Data retrieval goes well beyond the scope of email and database systems to embrace all types of records. While databases contain structured data and email works with semistructured data, general data retrieval must address the huge majority of unstructured data in the enterprise, including documents, presentations and all types of media files. Consequently, finding documents or unstructured records in the data center has been likened to "finding a needle in a haystack," and this poses a serious dilemma for storage administrators responsible for managing data, handling regulatory compliance audits and meeting legal discovery requests. Document management software provides many of the features found with email and database archive tools, but several key features are essential for unstructured data. This chapter explains indexing, reporting, data analysis and policy management.
Understand the business needs
According to a study conducted by Xiotech Corp., about 90% of U.S. corporations are involved in some amount of litigation -- often juggling multiple lawsuits at any one time. In addition, noncompliance with government or industry regulations can carry penalties, including hefty fines, sanctions and even jail time. With such serious issues to contend with, it's easy to make a business case for document/records management or discovery tools. However, these tools can vary dramatically in their complexity and features. It's crucial for corporate stakeholders to understand their exposures and liabilities, and then evaluate the features that are most relevant for their industry or specific needs.
Index and search
Large enterprises can easily possess hundreds of millions of unstructured files, making it practically impossible to locate specific data using traditional filename or creation date information. Any document/records management tool should have a very strong indexing and search capability. As you saw in the overview for chapter 2,
retrieving data from archives
, indexing typically adds specific pieces of metadata to each file. Metadata goes beyond the basic file system details and can include a wide array of descriptive information that can easily be searched -- it's all about preparing a file to be found at a later date..
Comprehensive indexing is usually matched with an equally powerful search capability. In most cases, searching will sort through files based on previously created metadata. For example, a typical search might look for files created by "M. Smith" on "03 April" with "IPO" in the name or description. However, search capabilities are increasingly contextual, looking inside of files to locate important keywords. For example, a storage administrator dealing with the Securities and Exchange Commission (SEC) investigation into a brokerage firm might search all documents from "M. Smith" during "2005" containing words "promise," "guaranty" or "returns."
With such a potentially huge volume of records to examine, storage system performance is also an important consideration. Performance isn't just an issue with regular metadata searches, but it is particularly notable with context searches within documents. Lab testing and evaluation is strongly encouraged to gauge performance and allow for performance tuning within the storage infrastructure.
Many types of document management software will output data in a search engine-type format, such as Google, but legal discovery software may also capture and deliver documents to litigation-oriented software, such as CaseCentral, Concordance, DB Textworks, Documatrix, Etech, Introspect, JFS Litigator's Noteboook, Lextranet, Nmatrix, Ringtail, Summation and Virtual Partner. Other tools specialize in organizing data specifically for the Department of Justice (DOJ), the Federal Trade Commission (FTC), NASD and SEC investigations.
Reporting and data analysis
But searching isn't enough -- consider the reporting and analytical capabilities of your document management software. You need to have an overview of the data that is available, including age, type and value details. This helps storage administrators get a view of the data they're storing and its adherence to retention policies.

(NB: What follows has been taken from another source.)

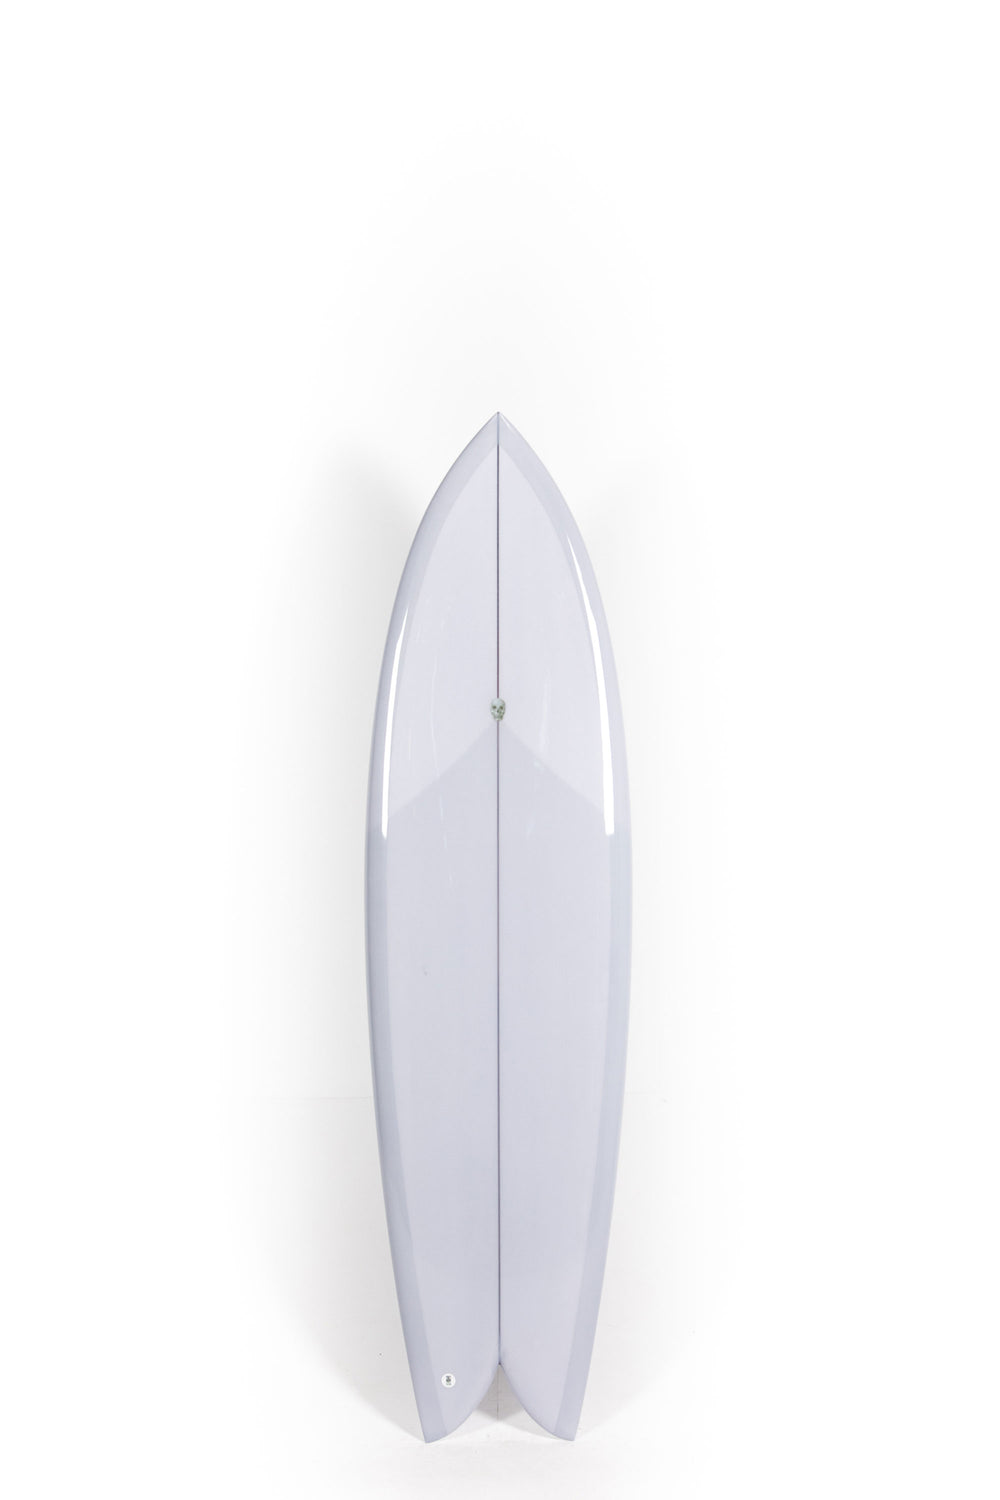 Pukas Surf Shop - Christenson Surfboards - LONG PHISH - 6'6

Workflow analysis and auditing capability should be able to document file access and identify users that are interacting with the organization's data. This can help to protect sensitive data against unauthorized access and identify users that are operating outside of corporate workflow policies. For example, auditing can document users that delete files. Unauthorized users can then be identified and corrected.
Policy management and enforcement
Today's glut of unstructured data is also subject to corporate data retention and deletion, so document management software must allow administrators to manage and enforce policies so that each data type is retained for the appropriate period. Retention periods will vary depending on the data type and the industry. For example, patient records will be retained far longer than a common corporate memo. Documents are then securely deleted once the retention period has expired. Any deletion should be properly documented to avoid accusations of spoliation (destruction or alteration of evidence). If litigation is a key concern, software should also provide a "litigation hold" feature where relevant data is exempted from deletion.
Finally, it's important to note that retention policies do not come from software. Instead, policies are set through a comprehensive understanding of government and industry regulations, along with a thorough knowledge of business objectives and risk factors. No two businesses will necessarily have the same retention policies for a given data type. Experts suggest that it's easier to integrate document management software in the enterprise when there is a well-defined and established "paper" retention policy already in place.